__Raw data__.
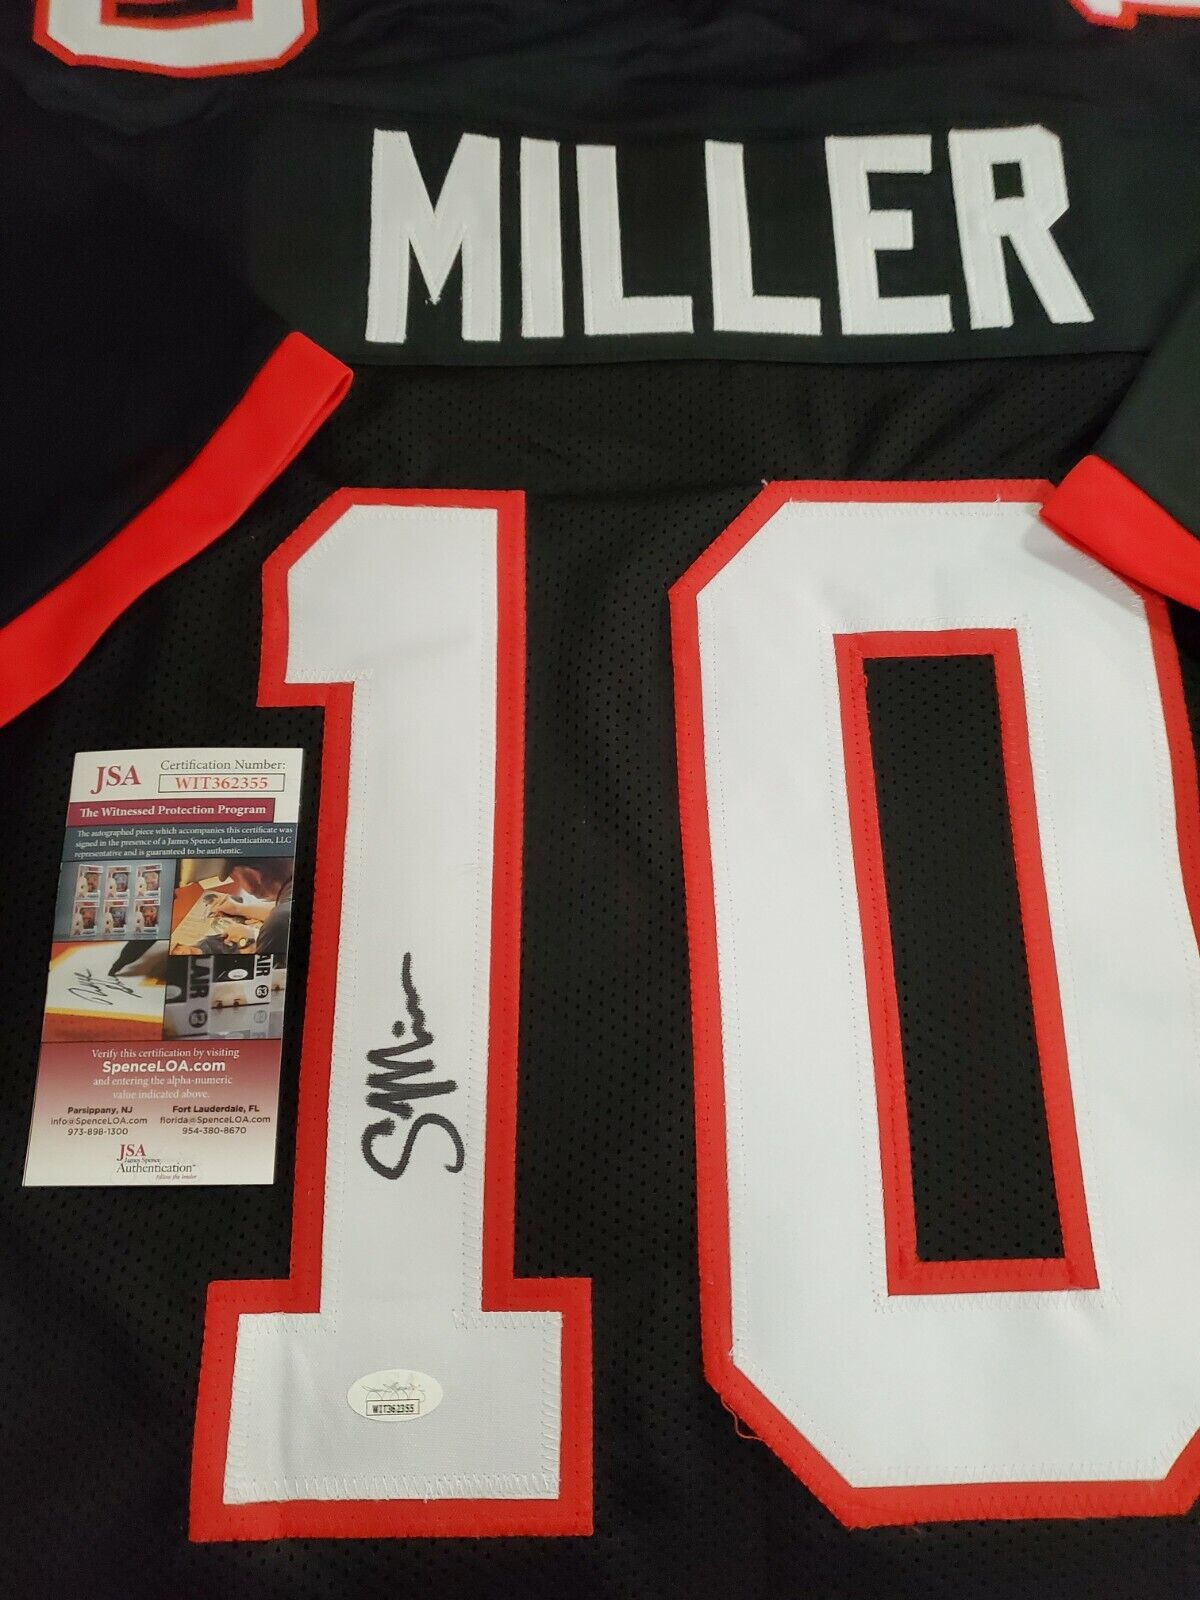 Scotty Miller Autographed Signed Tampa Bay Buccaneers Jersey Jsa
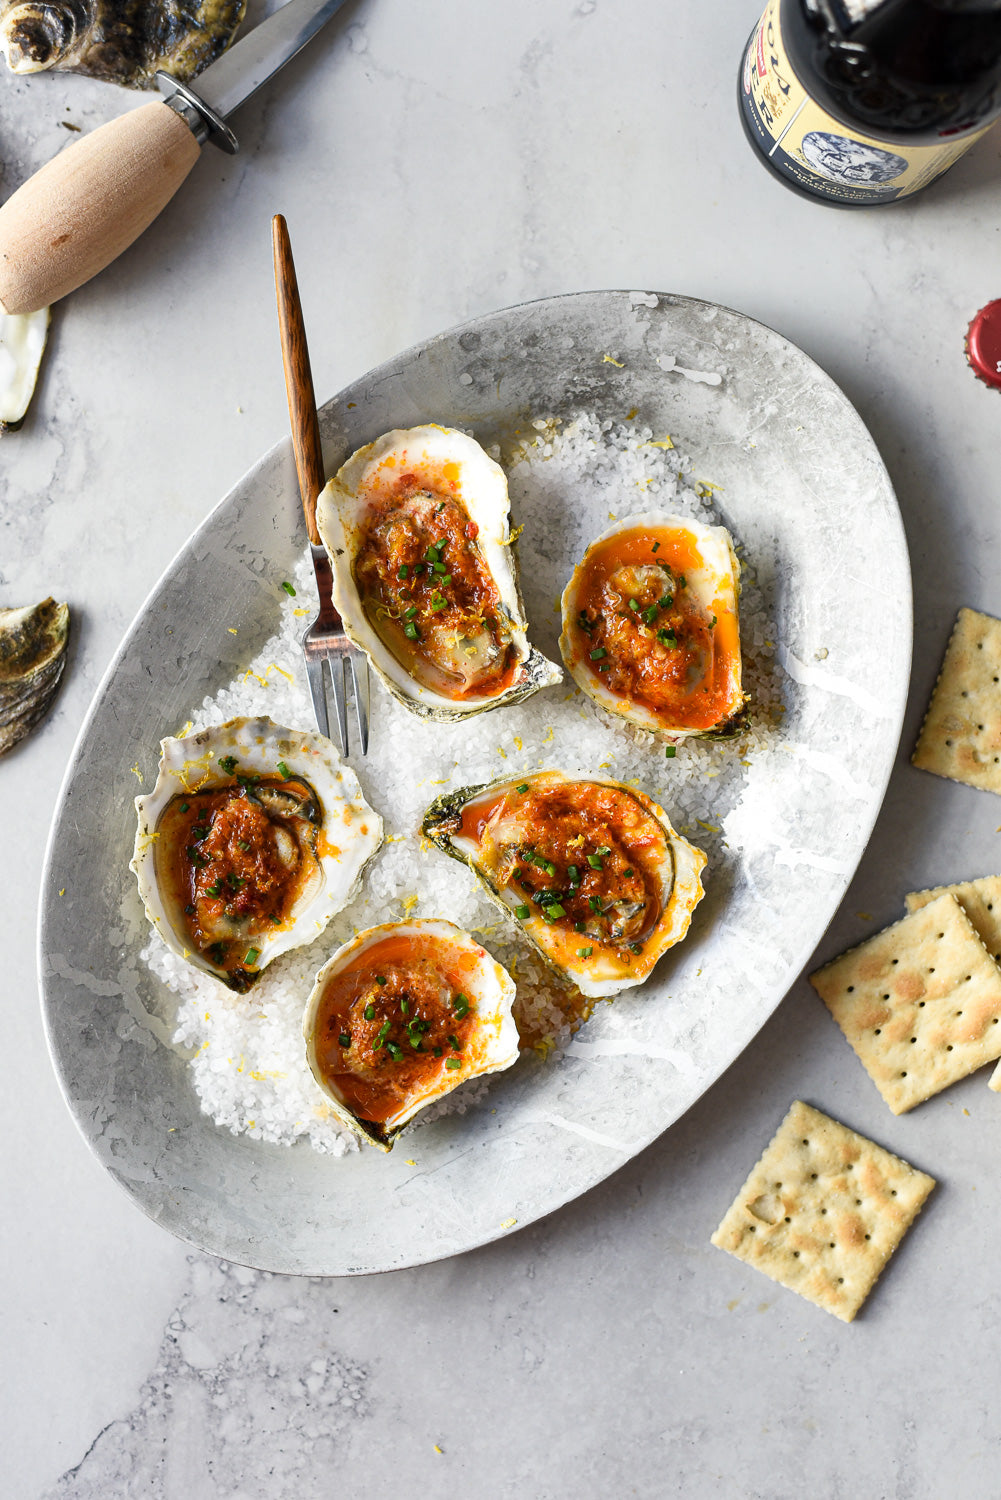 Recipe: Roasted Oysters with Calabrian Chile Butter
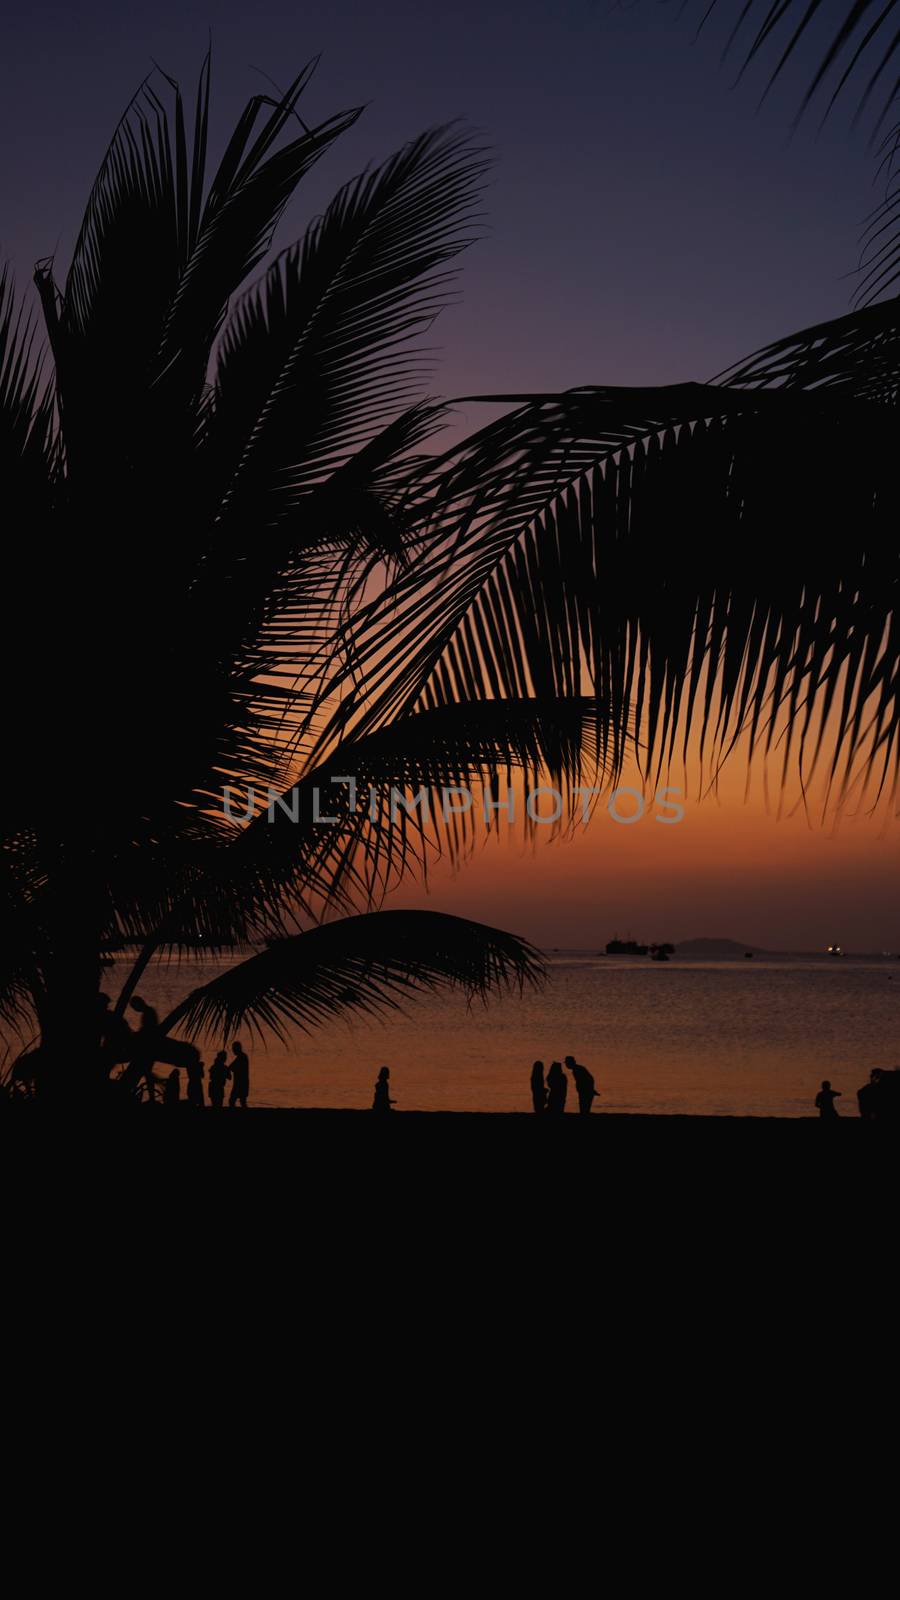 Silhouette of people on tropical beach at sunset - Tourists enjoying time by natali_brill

__Problem details__. Copy out all of the material exactly as written, without its pictures.

__Solution to this task__.
 Scotty Miller Autographed Signed Tampa Bay Buccaneers Jersey Jsa
 Recipe: Roasted Oysters with Calabrian Chile Butter
 Silhouette of people on tropical beach at sunset - Tourists enjoying time by natali_brill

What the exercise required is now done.